Ten post będzie
jak szybki liść. Pełen frustracji, niczym przygniecione liście Sałatki tureckiej, które znalazłem w
produkcie garmażeryjnym firmy Julek z Poznania. Tak w ogóle to jakim trzeba
być ciołkiem, żeby na co dzień jeść takie ściśnięte, skraplające się plastikowych pudełkach sałatki? Ten wątpliwy przysmak kupiła mi Matula, która wiedząc, że całe
popołudnie spędzi u fryzjera, zaopatrzyła lodówkę w jakąś przekąskę. Bo mój prawie 23-letni syn ma dwie lewe ręce
i nie umie sobie przygotować nawet kanapki - pomyślała zapewne poczciwa
kobiecina.
A odnośnie
samej sałatki - ZDECYDOWANIE NIE POLECAM! W środku czeka na Ciebie ekonomicznie
pokrojona sałata (nie zmarnowano ani tyciego kawałeczka twardego, wewnętrznego głąba, który - słowo daję - chrzęścił między
zębami niczym zmarznięta kapusta Królika z Kubusia Puchatka), pomidor, którego wnętrze smakuje jak
przejrzały arbuz i góra dwa plastereczki ogórka dla zmylenia przeciwnika nazywane Telewizją Publiczną... tłu! Chciałem powiedzieć pokrojone na ćwiartki.
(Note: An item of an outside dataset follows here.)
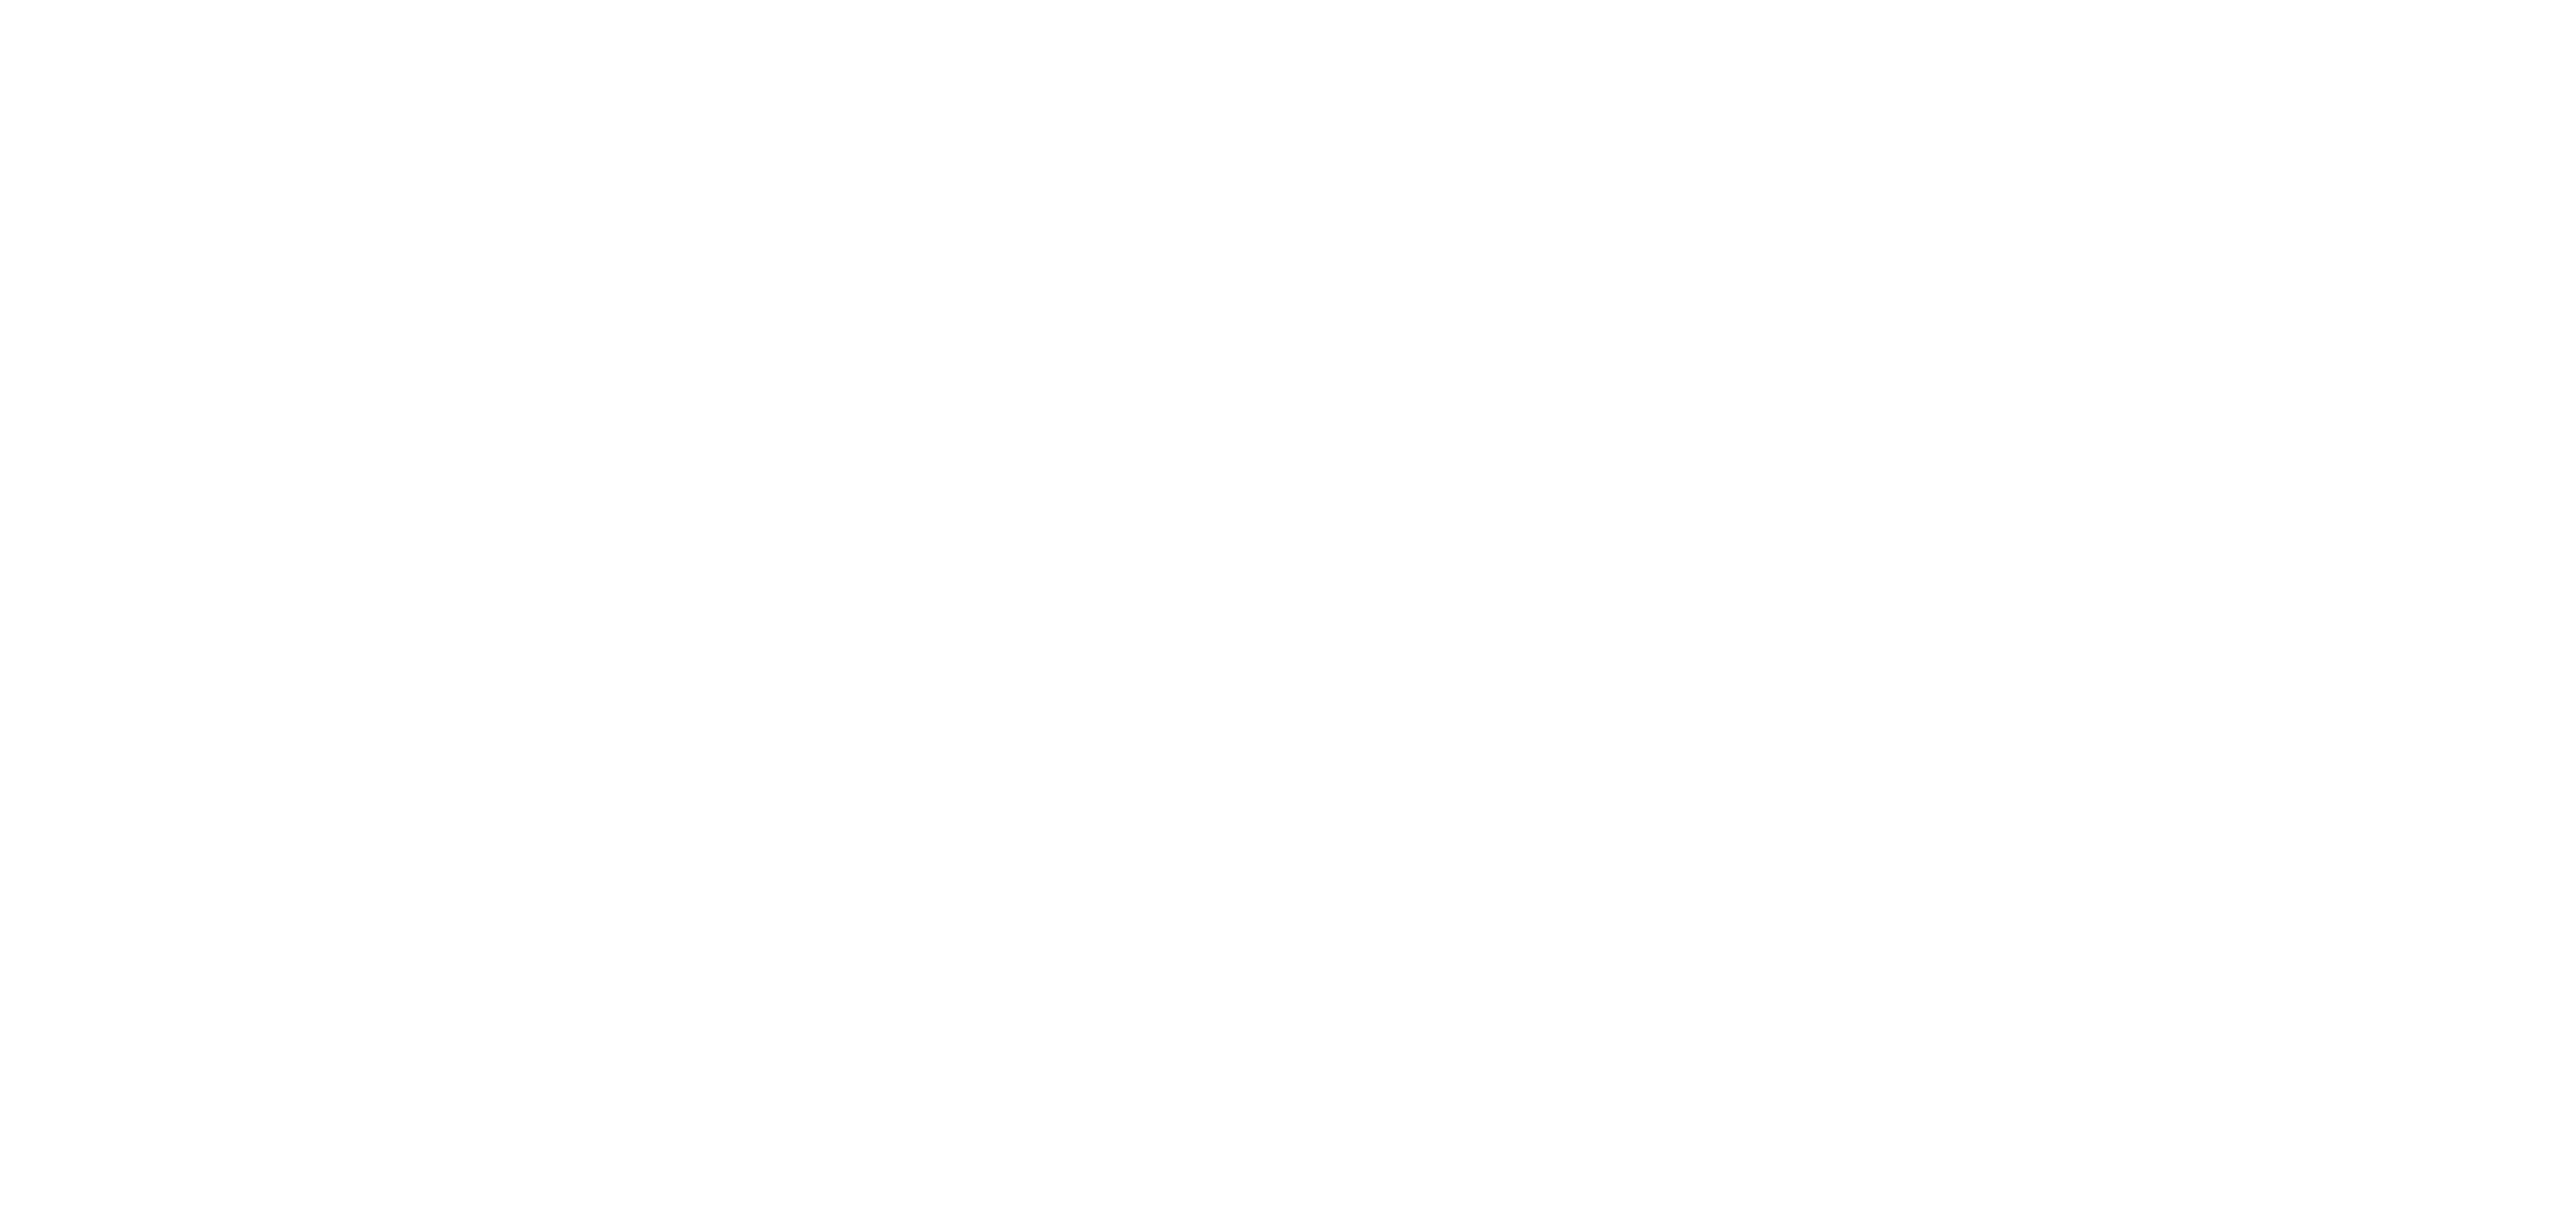 kloth wear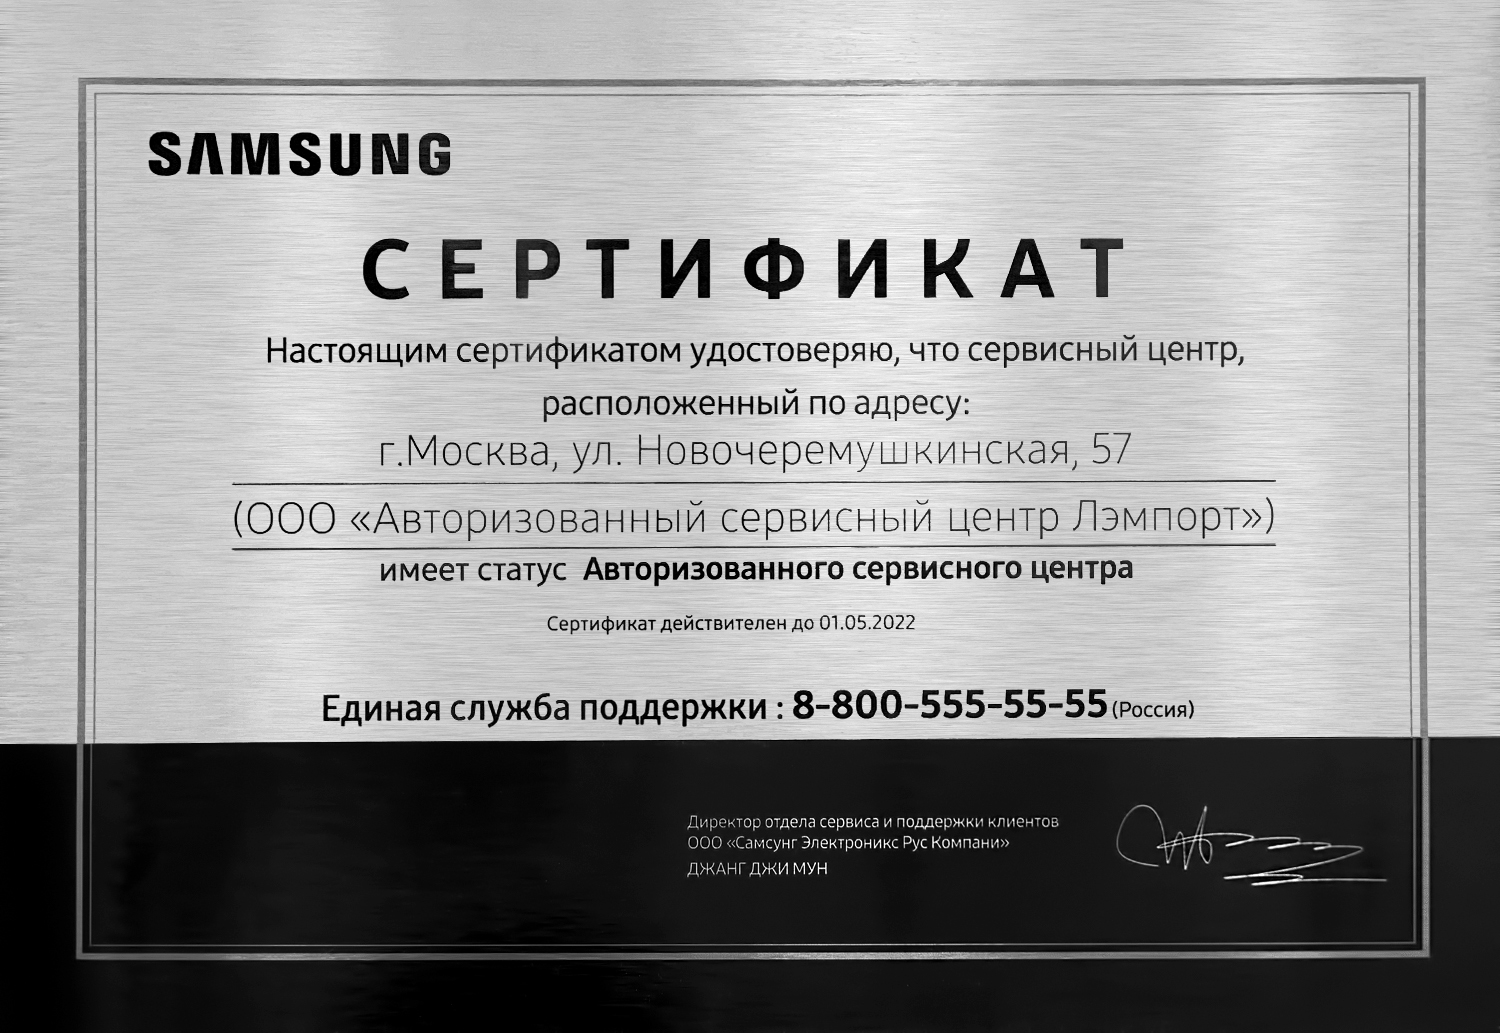 Самсунг гарантийный сервисный центр. Авторизованный сервисный центр Samsung. Сертификаты для сервисного центра самсунг. Авторизованный сервис Samsung. Сервис самсунг Москва.

Z resztą
składników chyba było w miarę okej: ostra cebulka z nieźle przyprawionym mięsem
drobiowym (za mało!) ratowały sytuację, do tego na końcu dokopałem się do
stłamszonej w kąciku kukurydzy. Były też 2 (słownie: dwie) czarne oliwki, których osobiście nie znoszę. Ach, nie wspomniałem o małym pojemniczku sosu: jogurt
zmieszany z majonezem, odrobiną czosnku i przypraw. Jadałem gorsze sosy
czosnkowe, choć ten niczego nie urywał.
Zapomniałem
spytać Matuli ile ta delicja
kosztowała, ale raczej nie była warta swojej ceny. Trzeba takie rzeczy
przygotowywać samemu, no nie ma innej opcji. HWD Gotowym Wyrobom Cateringowym!
PS: Teraz
się boję, że firma Julek to jakieś
karki i przyjadą w pięć samochodów i mnie sklepią pod blokiem ;( Psze Panów, okoliczność łagodząca jest taka, że mam cinszki okres na
uczelni i z nerwów chciałem ścisnąć jakiegoś Prywaciorza (czyt. MŚP) w
Internecie...
Robię hajs jakbym robił
obiad to Wam powiem chłopcy:
Robię sałatę, robię sos, robię klopsy!
Robię sałatę, robię sos, robię klopsy!
~VNM,
Rozpierdol
Takie rzeczy to ja jadam, kiedy nie ma mnie w domu (czyt. siedzę w internacie i do wyboru mam ścierwo w stołówce albo takie rzeczy) i mam akurat przy sobie mało kasy :D Ogólnie nie przepadam za tego typu kulinarnymi ekscesami. Całe szczęście, że kiedy mam ogólny dostęp do gastronomicznego zaplecza, to mogę sobie cokolwiek zrobić sam, bo będąc skazanym na tego typu przekąski, daleko bym nie zaszedł :D Pozdrawiam!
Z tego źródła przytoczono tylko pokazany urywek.